My main research interests look to understand ecotoxicology of elasmobranchs, their parasites and surrounding marine environments.
PhD Project: Sentinel Sharks: Tracking anthropogenic contamination in marine ecosystems.
My project seeks to understand the current level of emerging pollutant contamination in trophic predators in UK waters and assess the potential for establishing shark parasites as bioindicators for heavy metal contamination across Wales, specifically focusing on the Bristol Channel. As an interdisciplinary project this work involves collaborating with a number of different institutions including my partner organisation Cefas. I hope to use this research to aid in establishing a universal biomonitoring system and to help with focusing mitigation strategies.
During my BSc in Biological Sciences at Cardiff University, I became interested in freshwaters and the impacts of pollutants within these environments. For my final year project, I investigated the fate of microplastics within dippers (Cinclus cinclus) and published some of the first evidence of food web transfer of microplastics in freshwater ecosystems. I've since worked as a terrestrial ecologist for a large-scale consultancy undertaking ecological surveys and impact assessments for nationally significant infrastructure projects. Outside of work I enjoy exploring the many walks in South Wales, cooking and spending too much time playing ultimate frisbee.
PhD Project: Effects of neuroactive chemicals on freshwater ecosystems.
Whilst we know neuroactive chemicals are pervasive in the environment, a major challenge to understand is their effects beyond those on individual organisms. This project will look to address two main questions: (1) how do neuroactive chemicals affect ecological interactions (e.g., predation and competition) and the networks they form; and (2) do changes to ecological networks result in alterations in ecosystem function? We'll be looking to combine both empirical and in silico approaches to generate some of the first policy-relevant data and knowledge on the effects and risks of neuroactive chemicals on freshwater ecosystems.
I studied my undergraduate in Zoology at the University of Glasgow. I completed my Masters by Research in Entomology at the University of Reading in 2021. This led me to work as a research technician at the University of Aberdeen, working on the “Arrive and Survive” project, which is investigating whether evolutionary change is consistent across parallel range shifts in the Blue-tailed Damselfly. During this time, I was part of a research team who travelled to Norway and Finland to collect damselfly samples. From these samples we obtained genetic data to investigate how population genetics change at the range limit, and what factors could be driving this change.
My interests lie in insect ecology and behaviour, and in ecosystem functioning. I am especially interested in the roles of ecosystem service provider species within ecosystems, and how anthropogenic driven factors such as pollution and agricultural intensification are affecting ecosystem functioning. These interests led me to apply for my PhD project with ECORISC.
PhD Project: Call of nature: How do livestock veterinary drugs impact dung beetles and other macroinvertebrates, their microbiota and associated ecosystem services?

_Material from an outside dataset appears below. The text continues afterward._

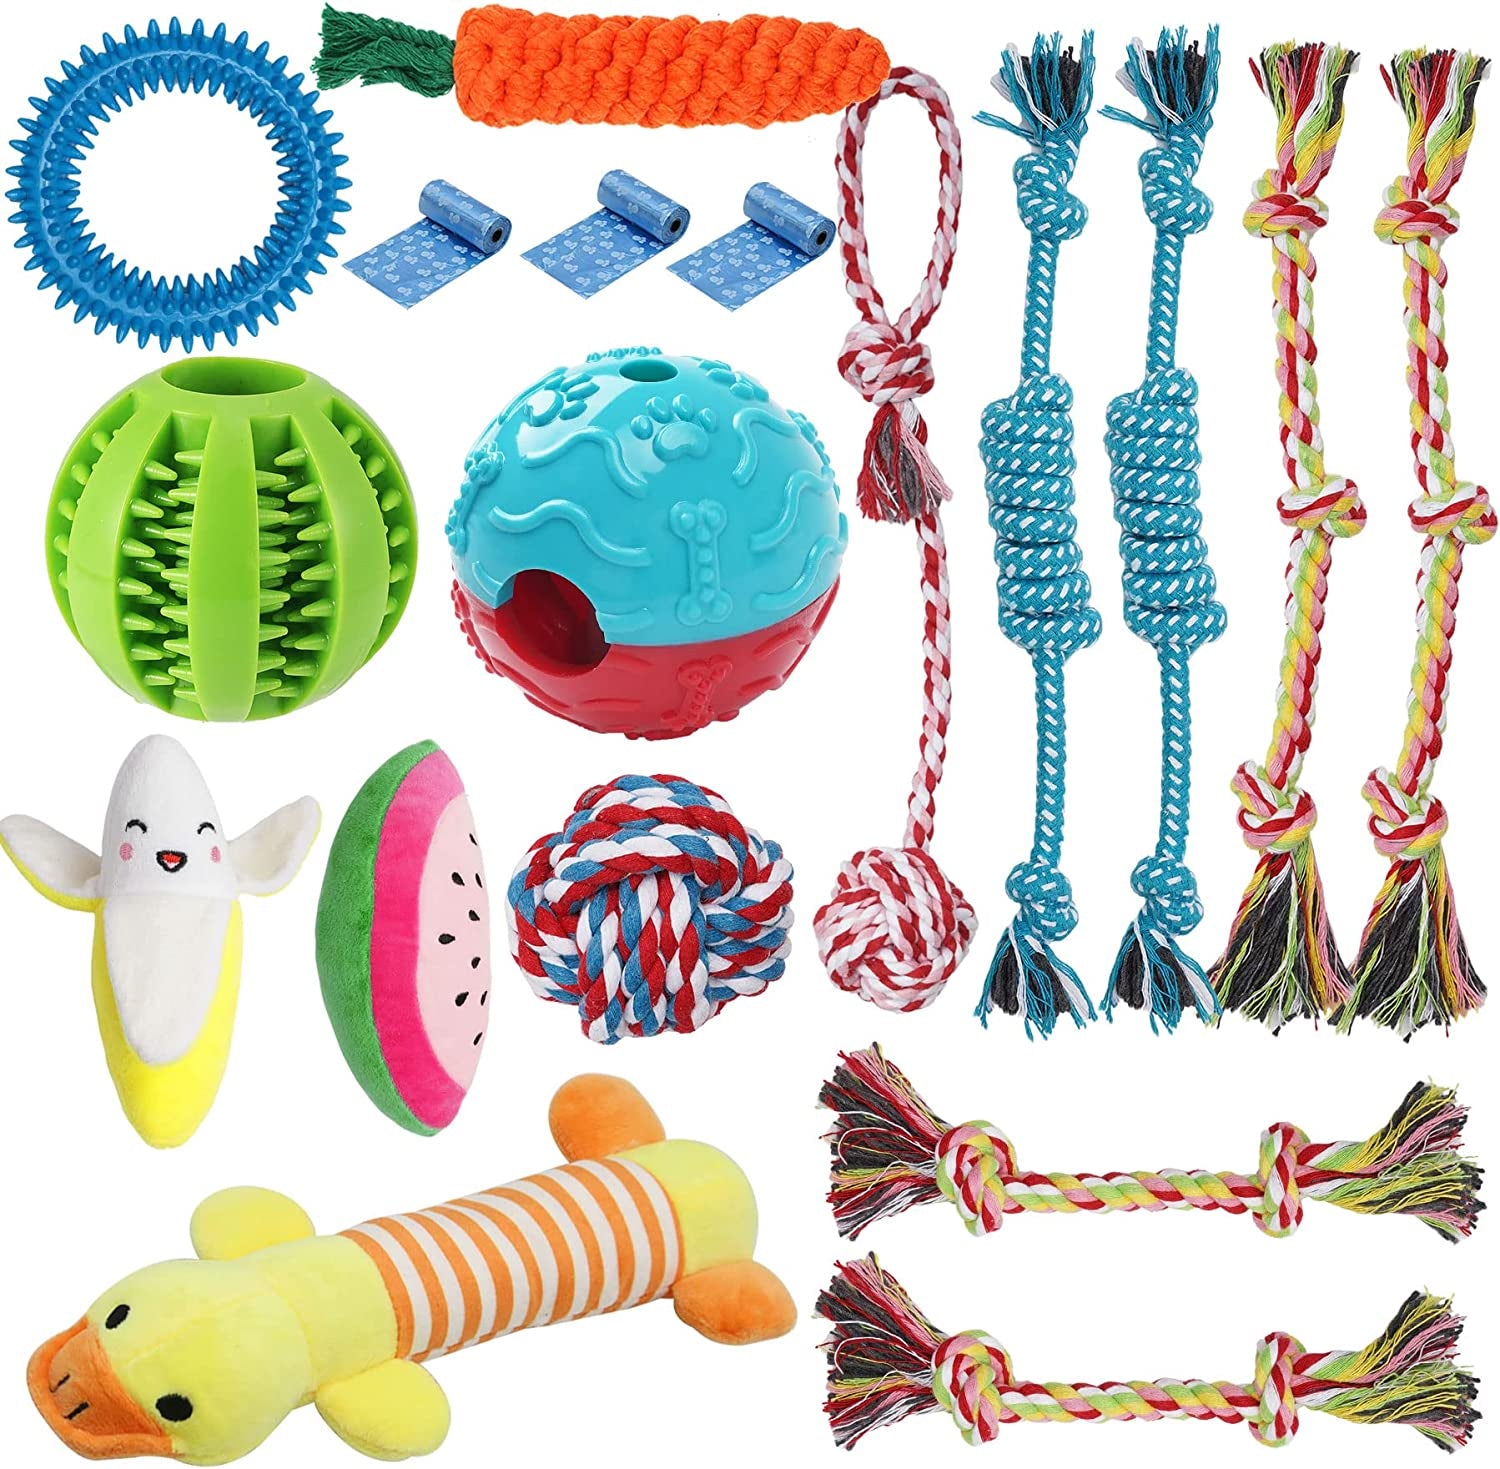 Dog Chew Toys ( 20-pack ) - Everyday-Sales.com

Dung beetles are important ecosystem service providers, involved in the decomposition of dung and nutrient cycling. Many studies have shown that avermectins (anti-helminthic veterinary medicines) can negatively affect dung beetles in a variety of ways. Antibiotics are another commonly used drug in agriculture, which may frequently be present in dung at the same time as avermectins. However, there is limited information on how antibiotics, or a combination of antibiotics and avermectins, may affect dung beetles, and thus the essential ecosystem services they provide.
My project is based at the University of Exeter, Penryn Campus. I will be investigating the independent and combinational effects of antibiotics and avermectins on beetle behaviour, reproductive success and survival. I will also be establishing whether these medicines have an effect on the microbiome of dung beetles, and earthworms – another key decomposer. I will then model how these effects may impact ecosystem service provision. I hope our findings may lead to more sustainable use of veterinary medicine within the agriculture industry.

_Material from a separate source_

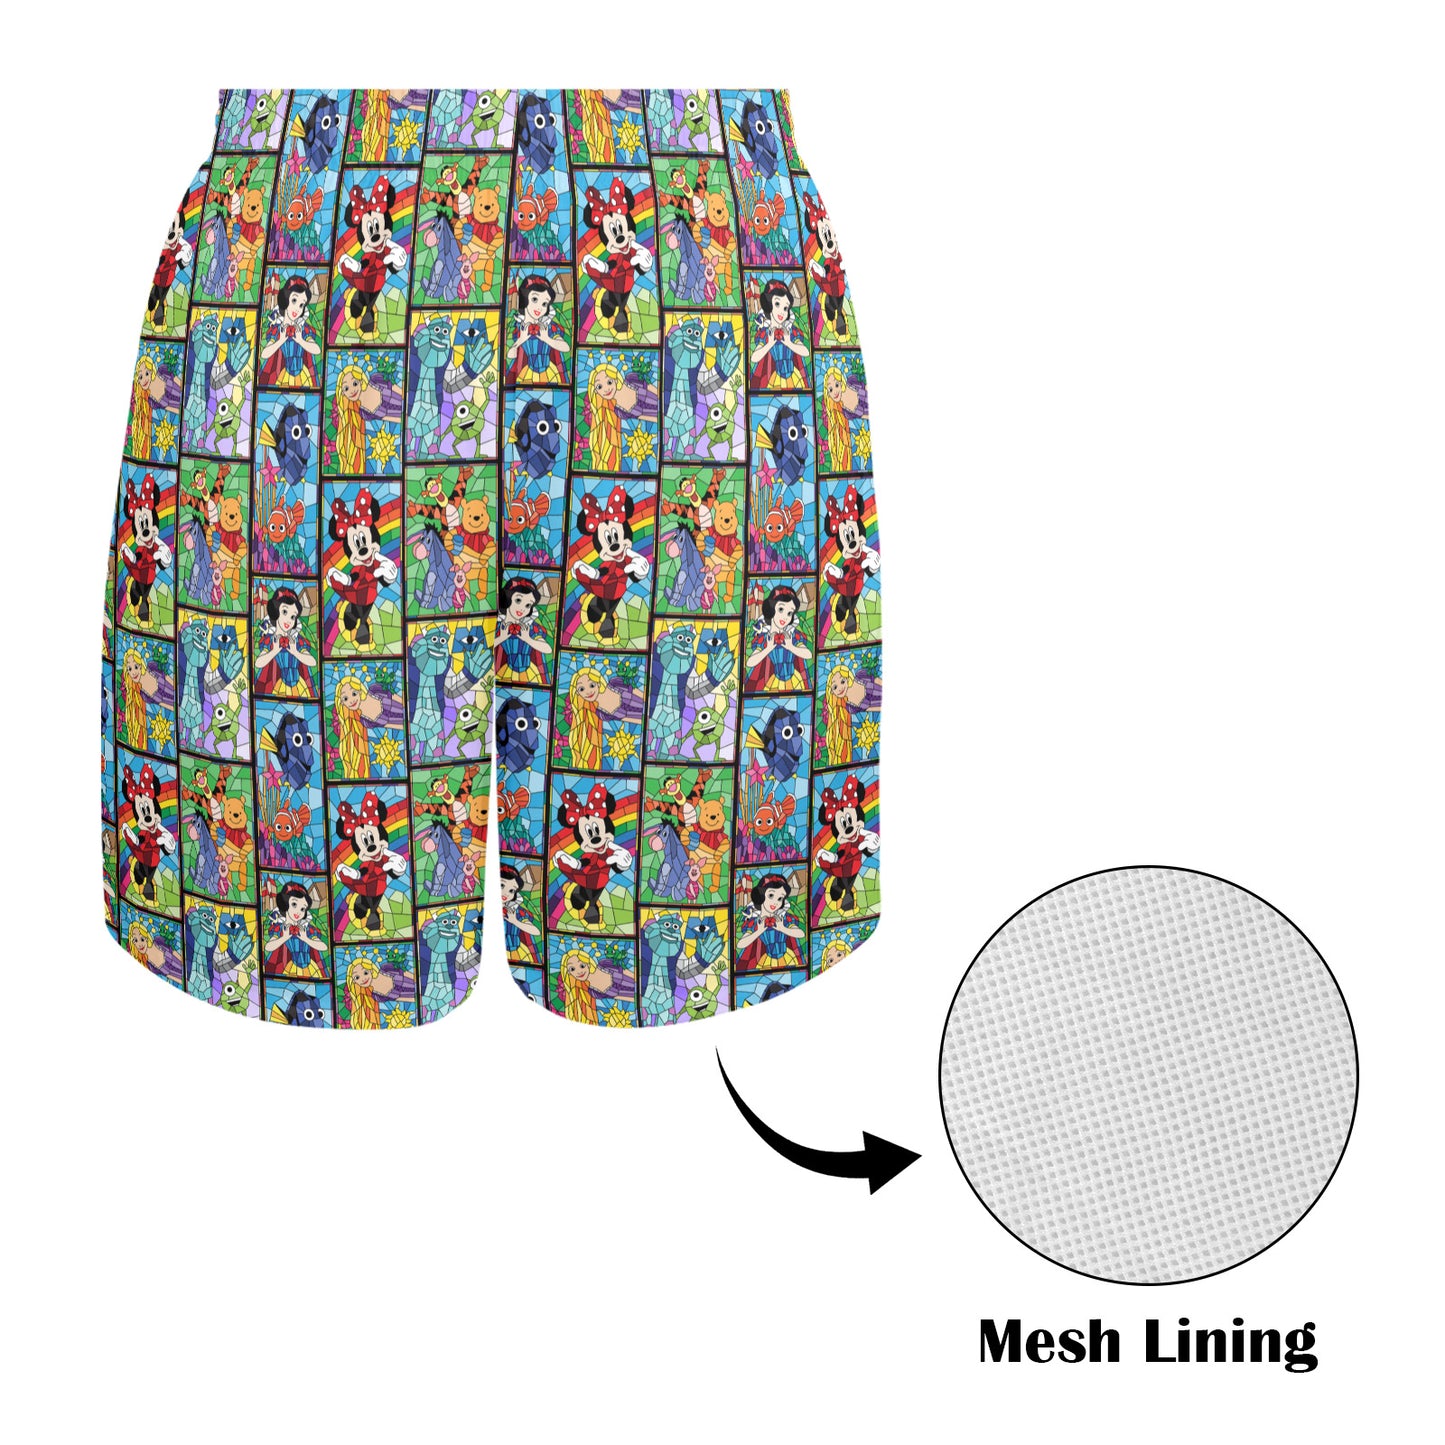 Stained Glass Characters Men's Swim Trunks Swimsuit

I am from Hong Kong, and I moved to the UK to study MSci in Zoology, I graduated in 2022 from the University of Exeter (Penryn Campus). I have done my research projects on various subjects, ranging from evolutionary biology to molecular ecology. I am fascinated by the defence mechanisms of different animals against diseases and chemicals. Therefore, I studied the systematic variation in skin microbiome between infected and non-infected palmate newts with a fungus-like disease for my foruth-year research project. I have now started my PhD studying the defence mechanism of bees against insecticides.
PhD Project: Leveraging genomics and artificial intelligence to develop predictive pesticide risk assessment frameworks for wild bees.
Bees are among the world’s most environmentally and economically important group of insects, pollinating a remarkable diversity of flowering plants and playing a key role in the production of a wide range of food and commodity crops. However, while carrying out this ecosystem service, bees can be exposed to a variety of potentially harmful toxins such as pesticides used in agriculture. Current bee pollinator pesticide risk assessment relies on experimental data collected for a handful of ‘model’ managed bee species such as the western honeybee and the buff-tailed bumblebees. However, bees are a highly diverse group of insects comprising more than 20,000 known species.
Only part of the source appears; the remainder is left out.